UGA has higher volatility (11.66%) compared to PBD (8.57%). In terms of maximum drawdown, PBD dropped -78.60% vs UGA's -86.59%.
On 10-year performance, UGA leads with 14.43% vs 9.45% for PBD. Both ETFs have the same 0.75% expense ratio. On volatility, PBD has been the lower-risk option at 8.57%. The better choice depends on whether you care most about return, fees, risk, or income.
Over the 10-year period, UGA has performed better with a 14.43% return vs 9.45%. Past performance does not guarantee future results, so compare this with risk, fees, and fund exposure.
PBD and UGA have the same expense ratio: 0.75% per year.
PBD has the higher dividend yield at 1.63%, compared with 0.00% for UGA.

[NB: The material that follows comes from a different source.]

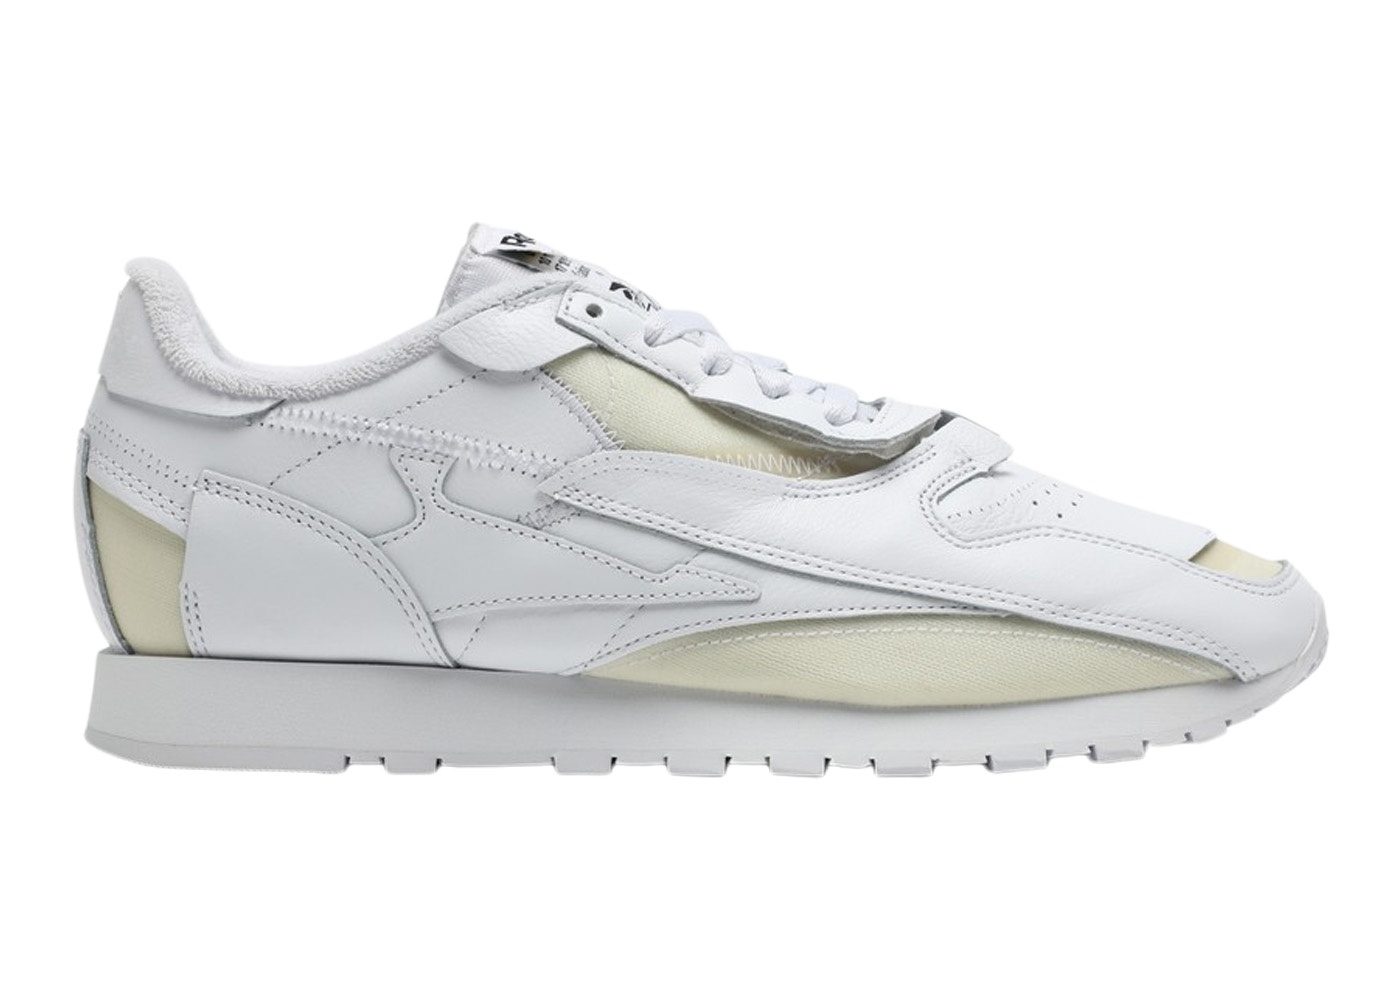 Reebok Classic Leather Re-Co Maison Margiela Project 0 'Memory Of' V2  Footwear White
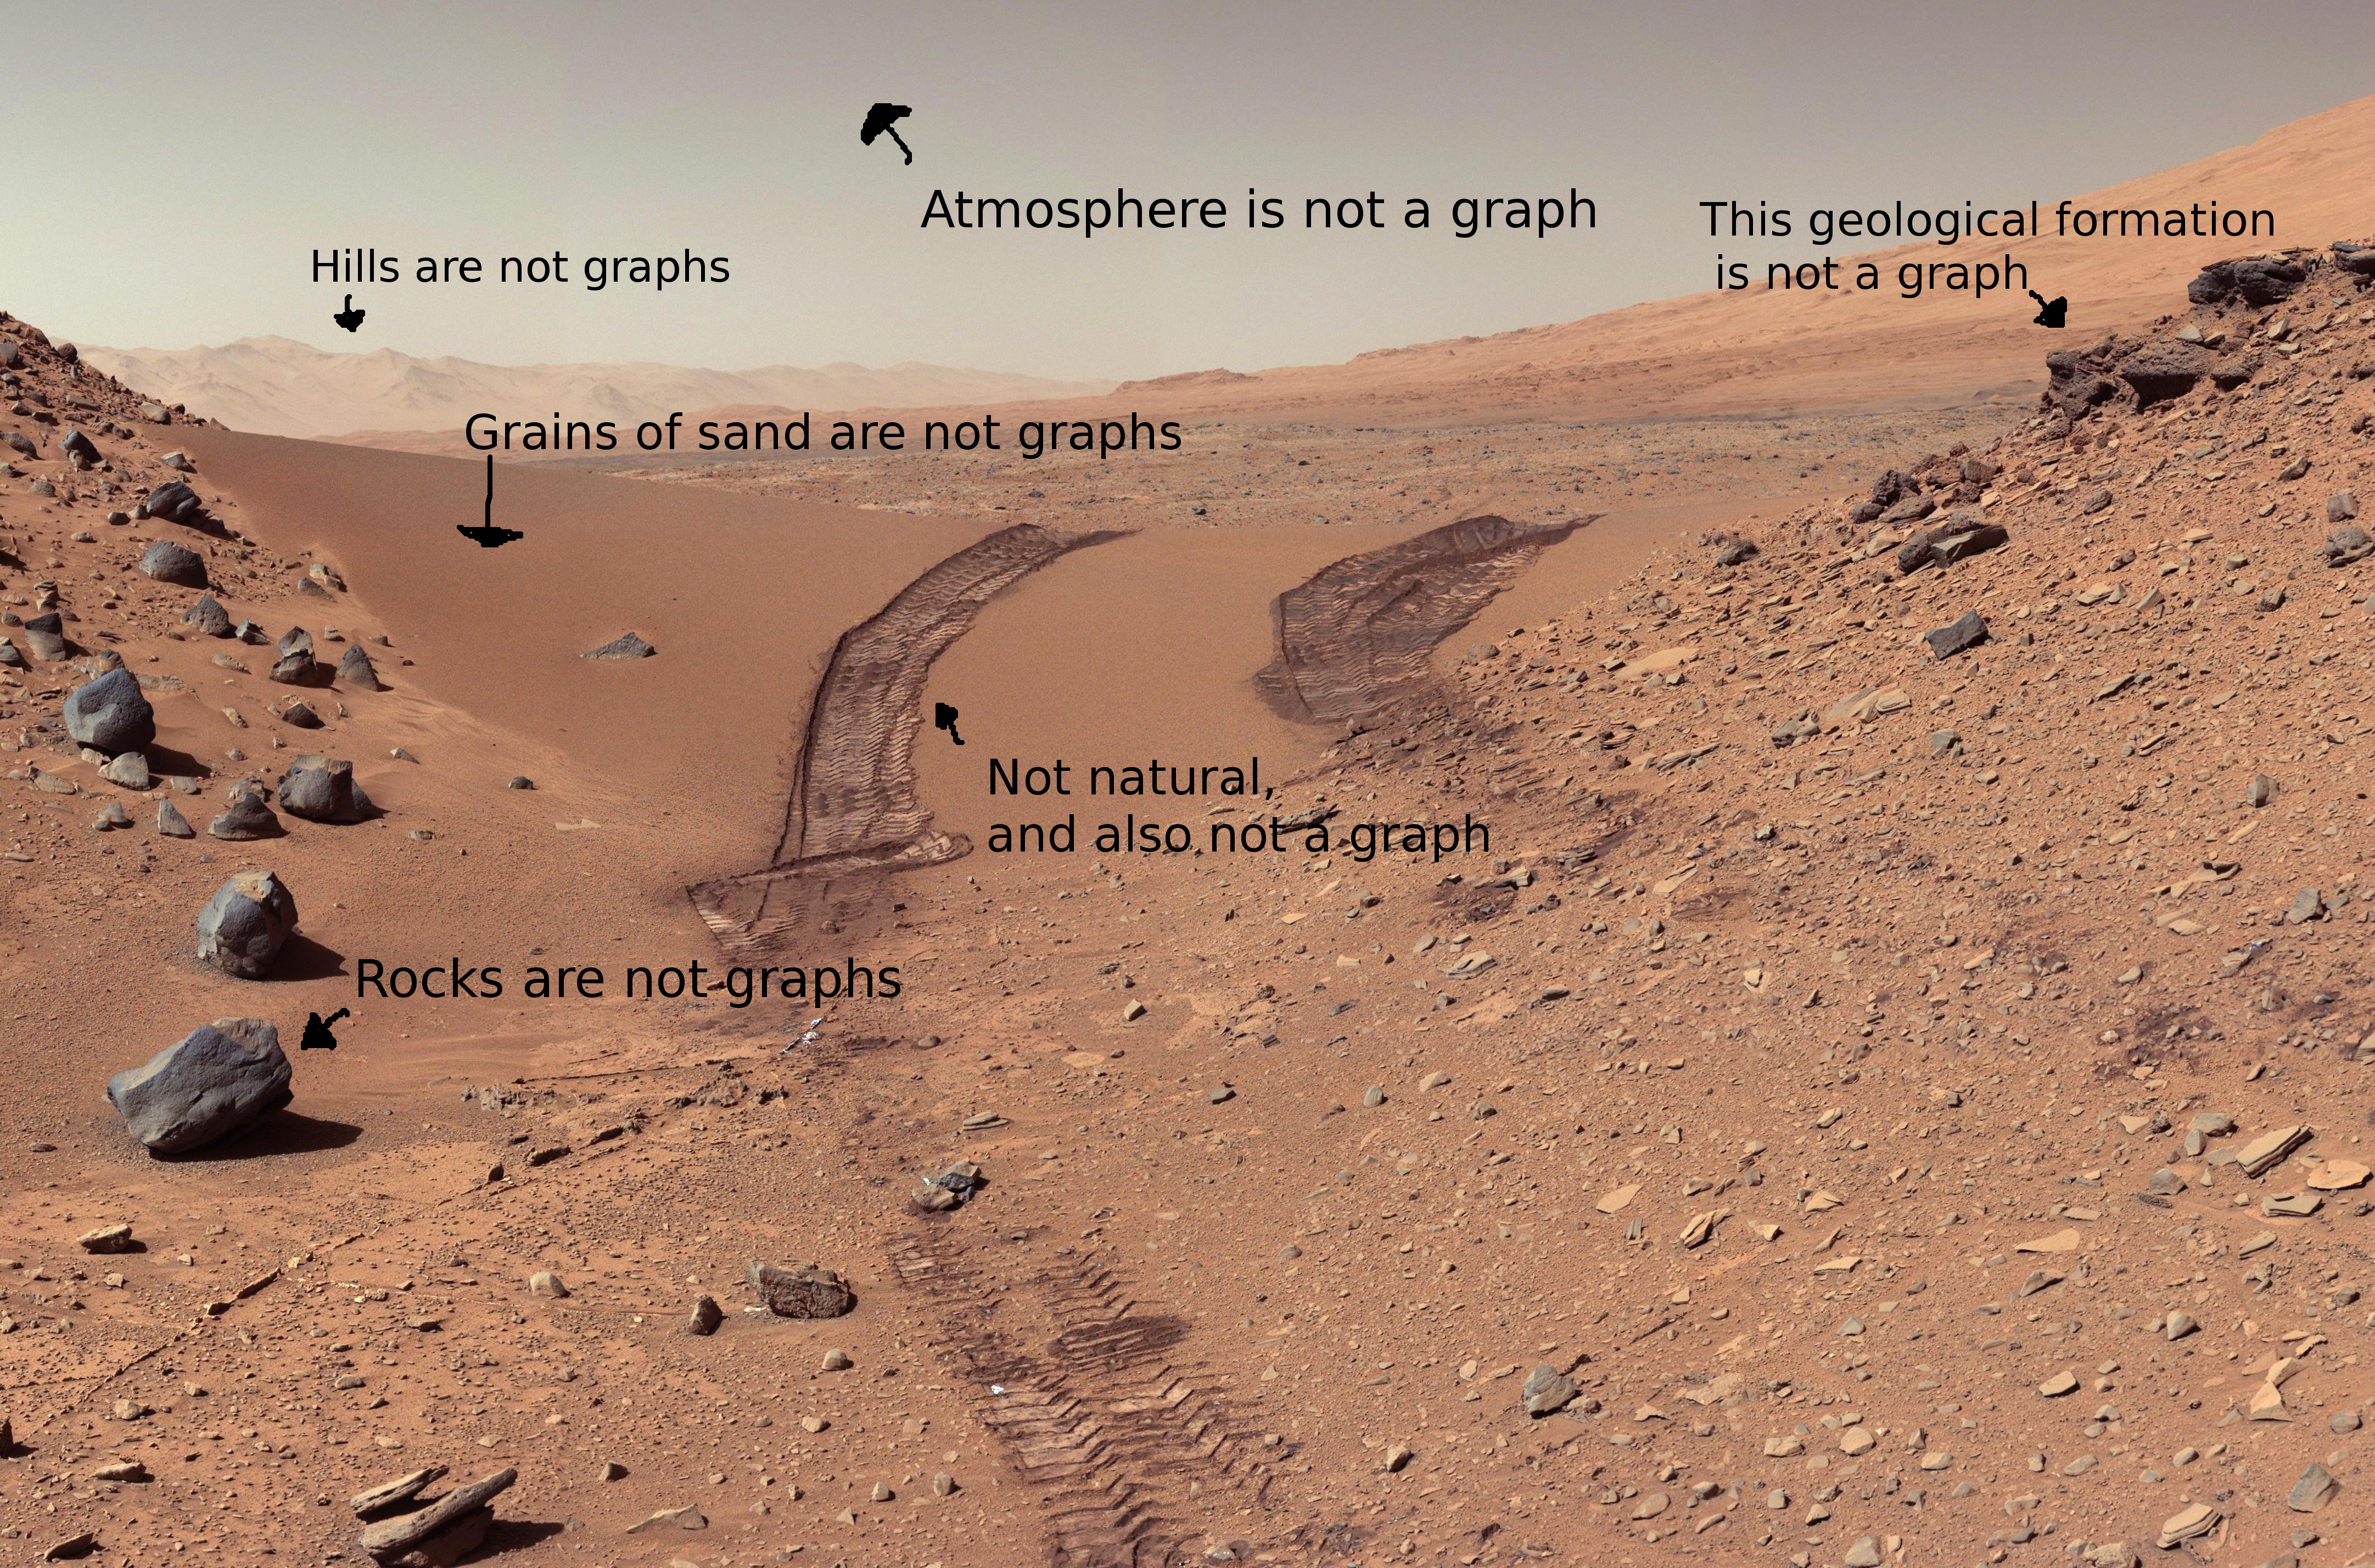 Mars is devoid of graph-like structures

PBD is categorized as Alternative Energy Equities, while UGA is Oil & Gas. PBD tracks WilderHill New Energy Global Innovation index, while UGA tracks Front Month Unleaded Gasoline. They also come from different issuers: Invesco and Concierge Technologies.
PBD currently has the higher Sharpe Ratio (3.96 vs 2.32), meaning it's delivered slightly more return per unit of risk over the trailing 12 months. However, this ranking shifts over time - use the Risk/Return Score above for a more comprehensive view that combines Sharpe, Sortino, and other measures used by quantitative funds.